▶ _EXERCISE_
The listing below should be printed in full and exactly, apart from its images.

━━ DATA

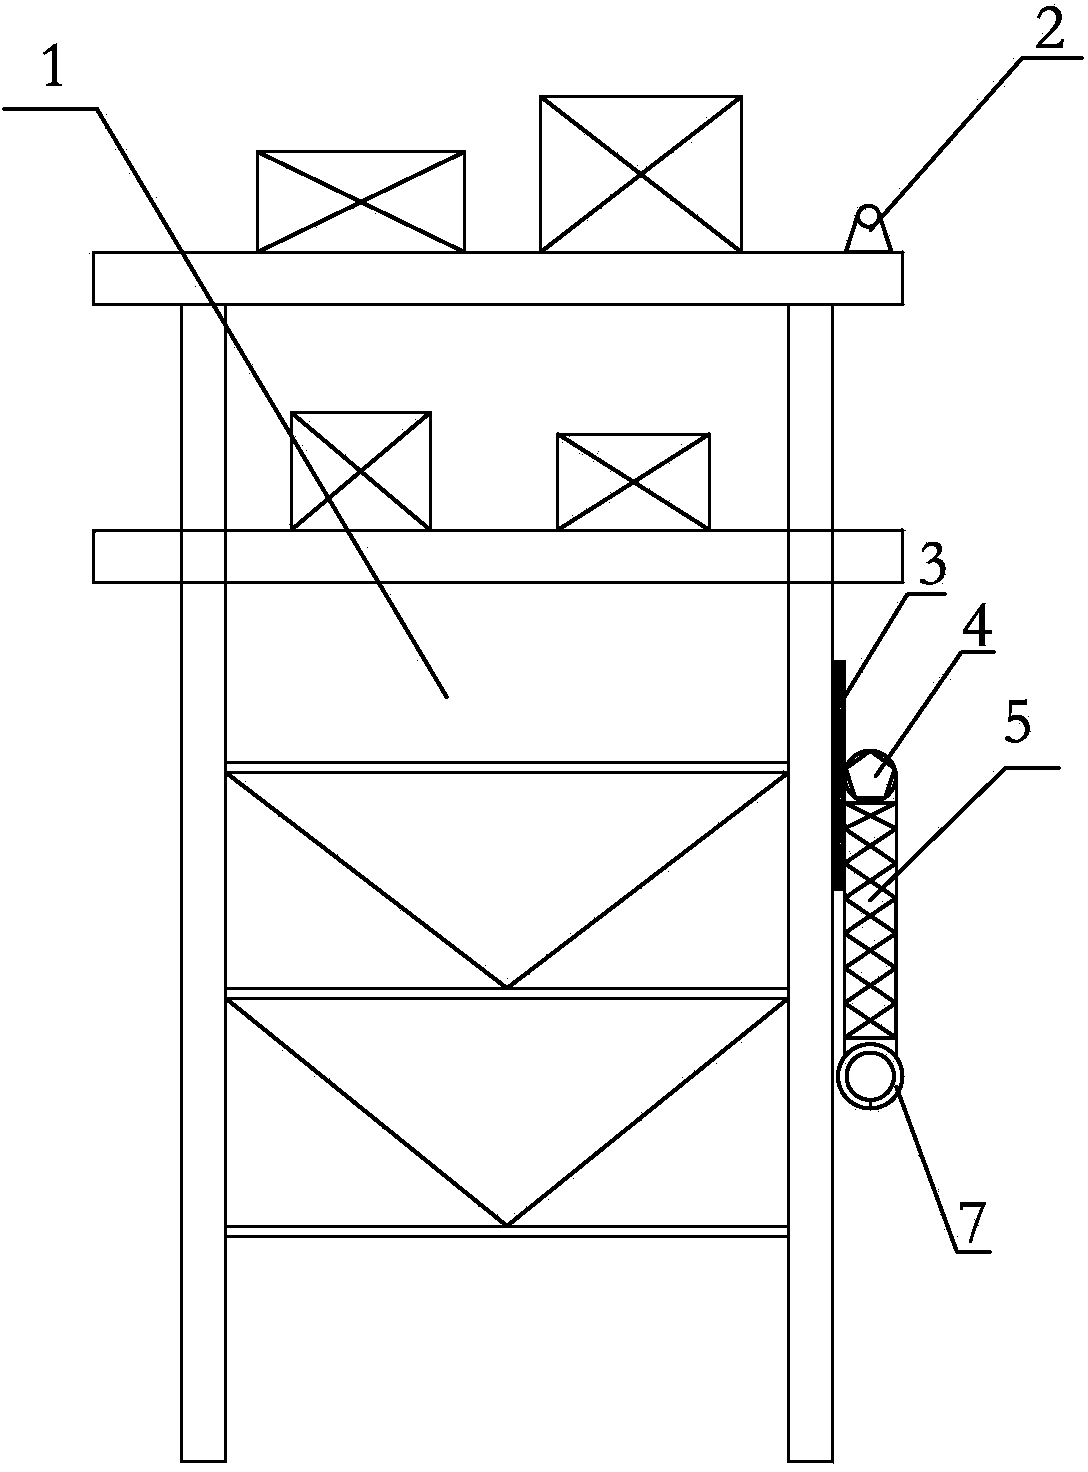 Cantilever-type slidable anti-collision connection device for ship berthing platform
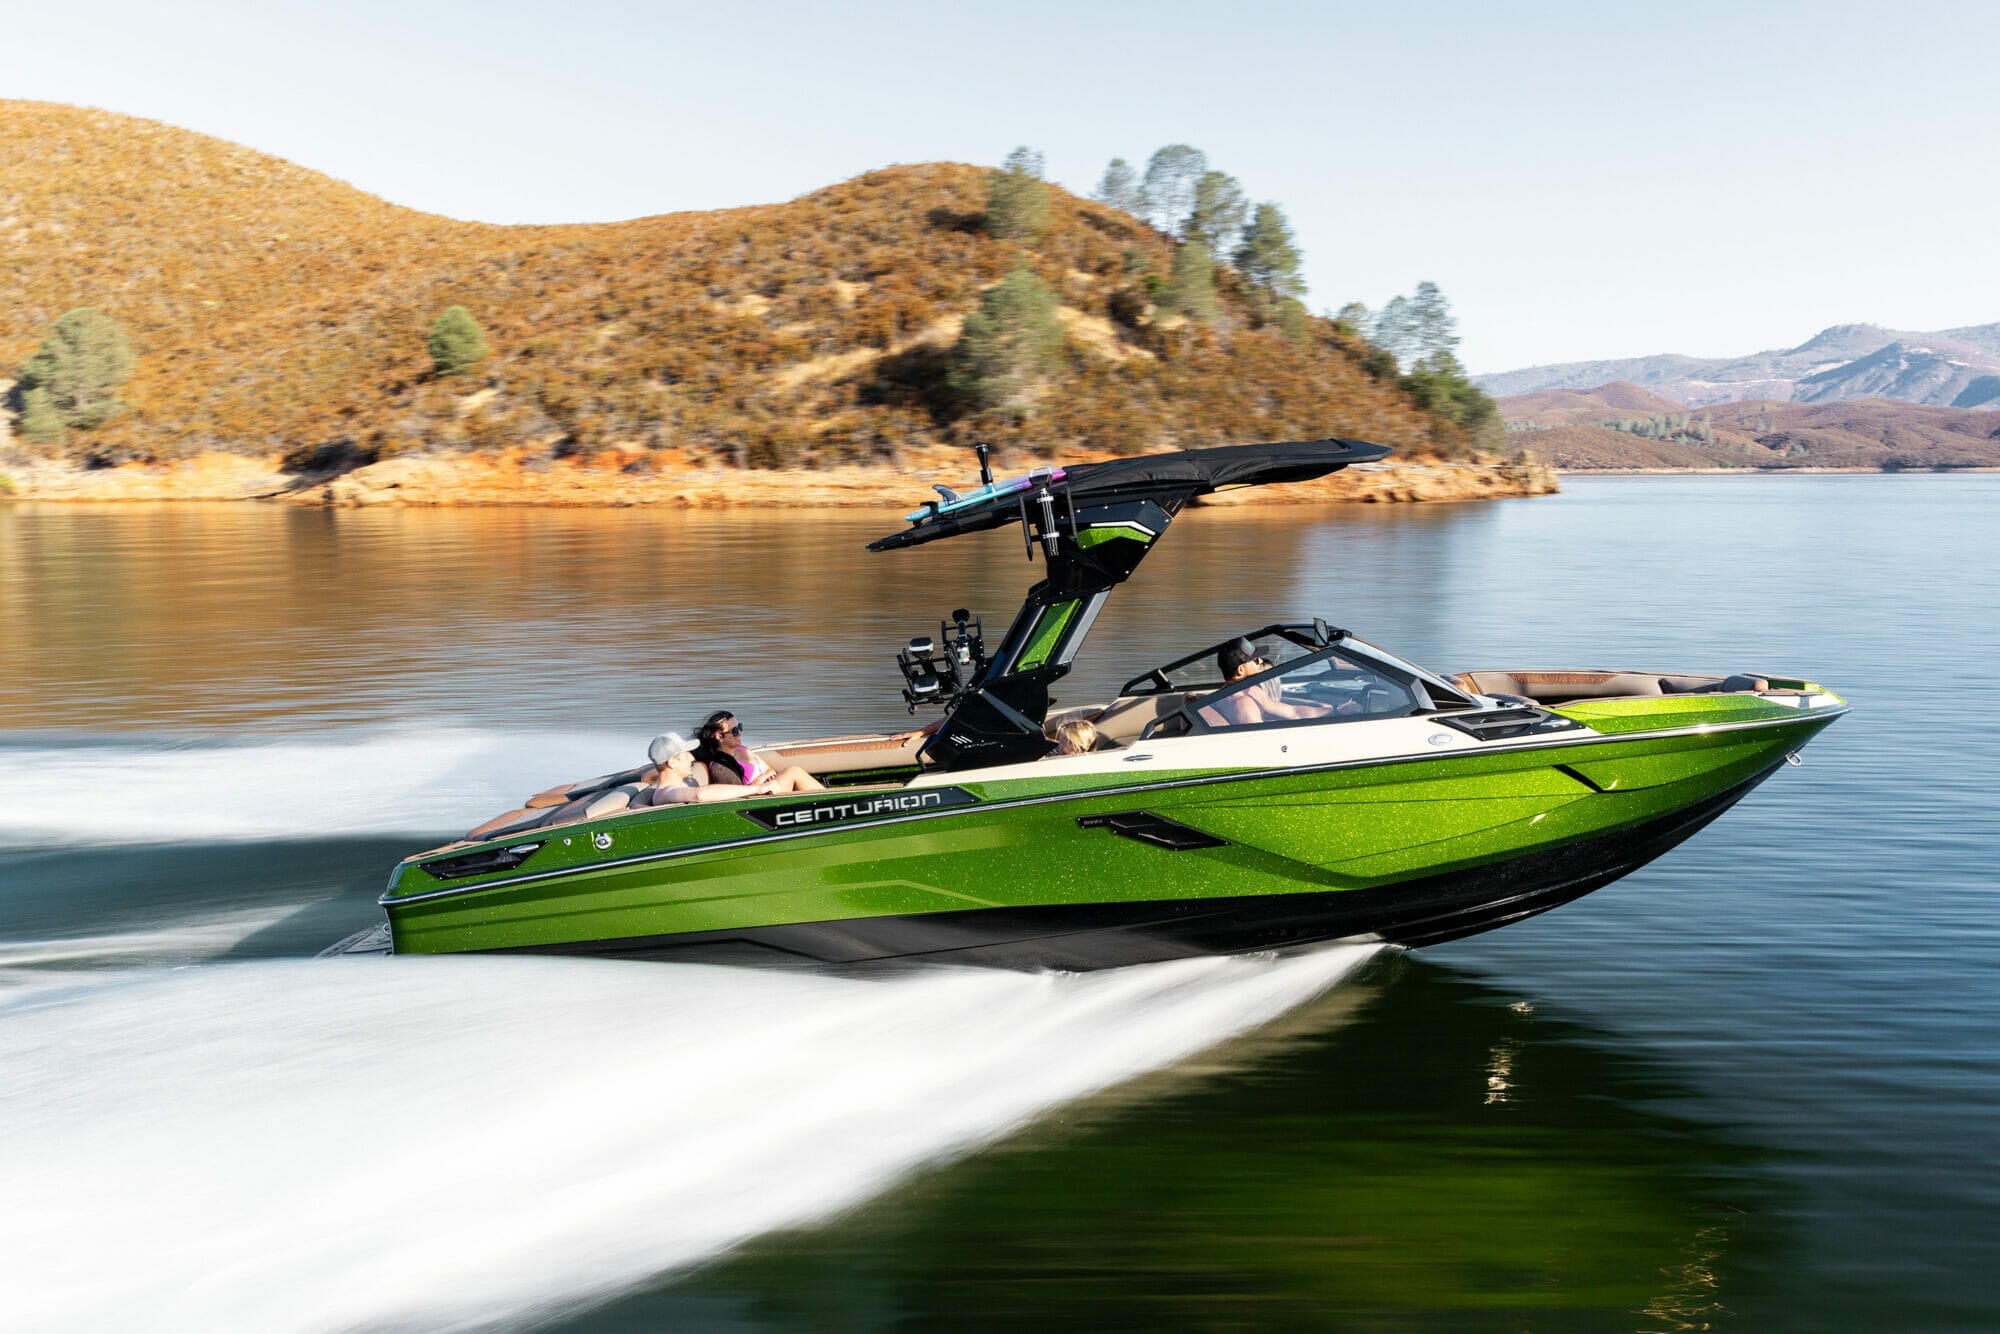 A green wakeboat is speeding through a body of water.
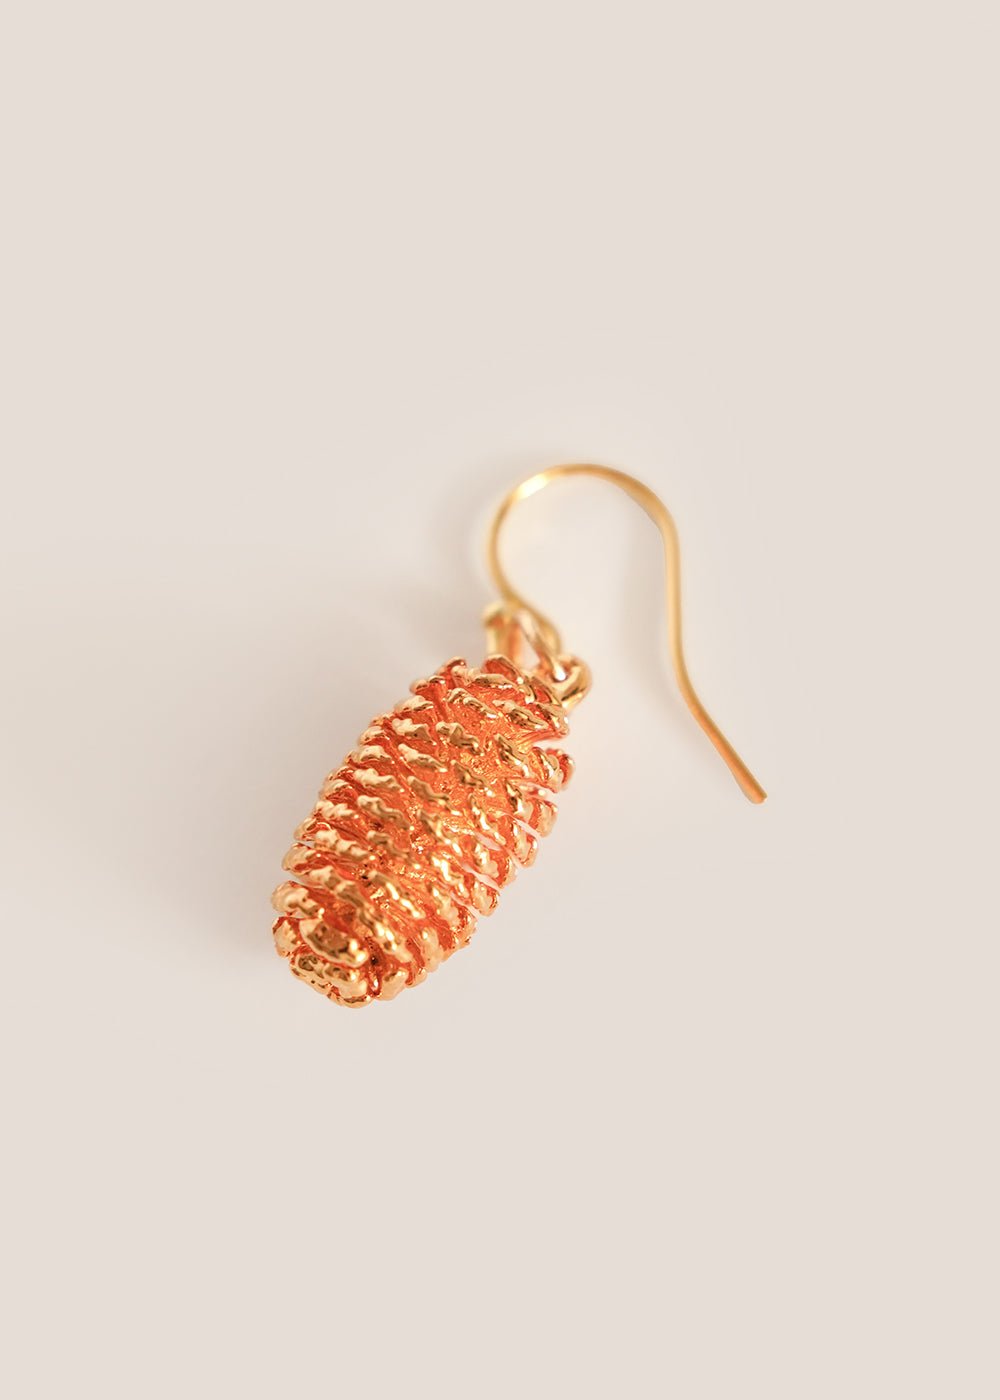 Dauphinette Baby Pinecone Earring - New Classics Studios Sustainable Ethical Fashion Canada
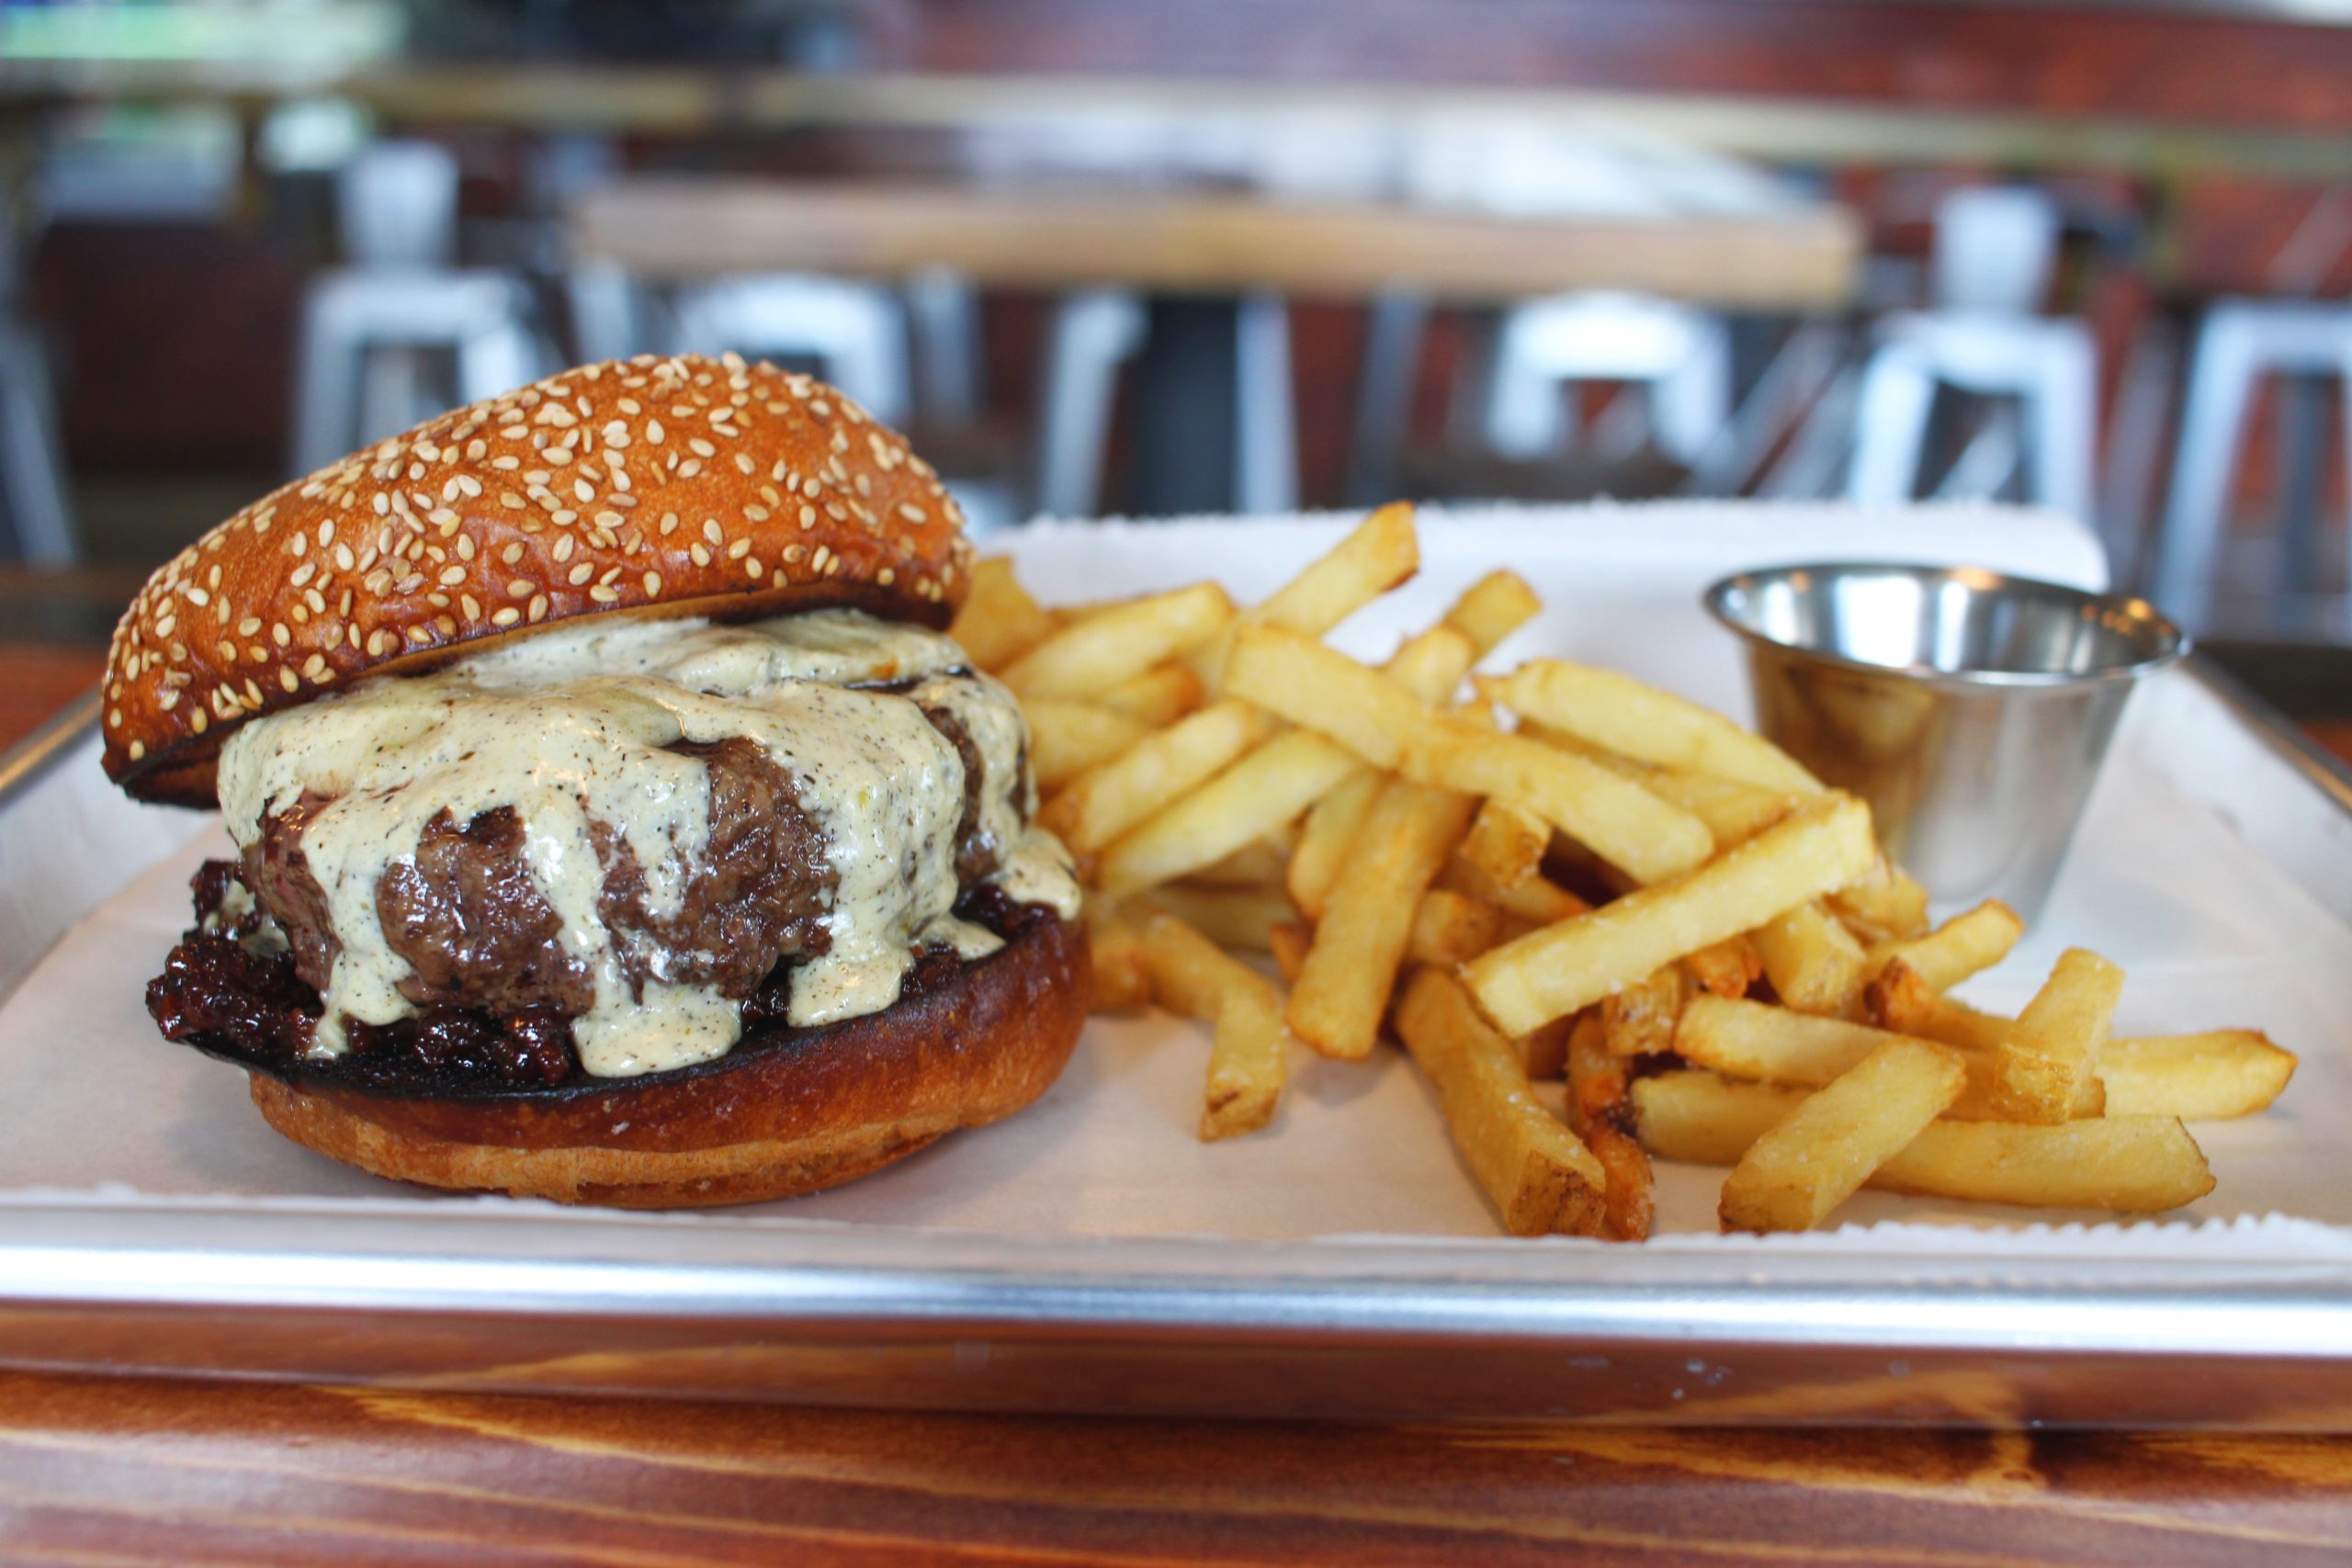 Classic Burger & Pomme Frites at The Lobby (Photo by Mark Whittaker)

━━━━

▶ _WRITTEN SOLUTION_
 Cantilever-type slidable anti-collision connection device for ship berthing platform
 A green wakeboat is speeding through a body of water.
 Dauphinette Baby Pinecone Earring - New Classics Studios Sustainable Ethical Fashion Canada
 Classic Burger & Pomme Frites at The Lobby (Photo by Mark Whittaker)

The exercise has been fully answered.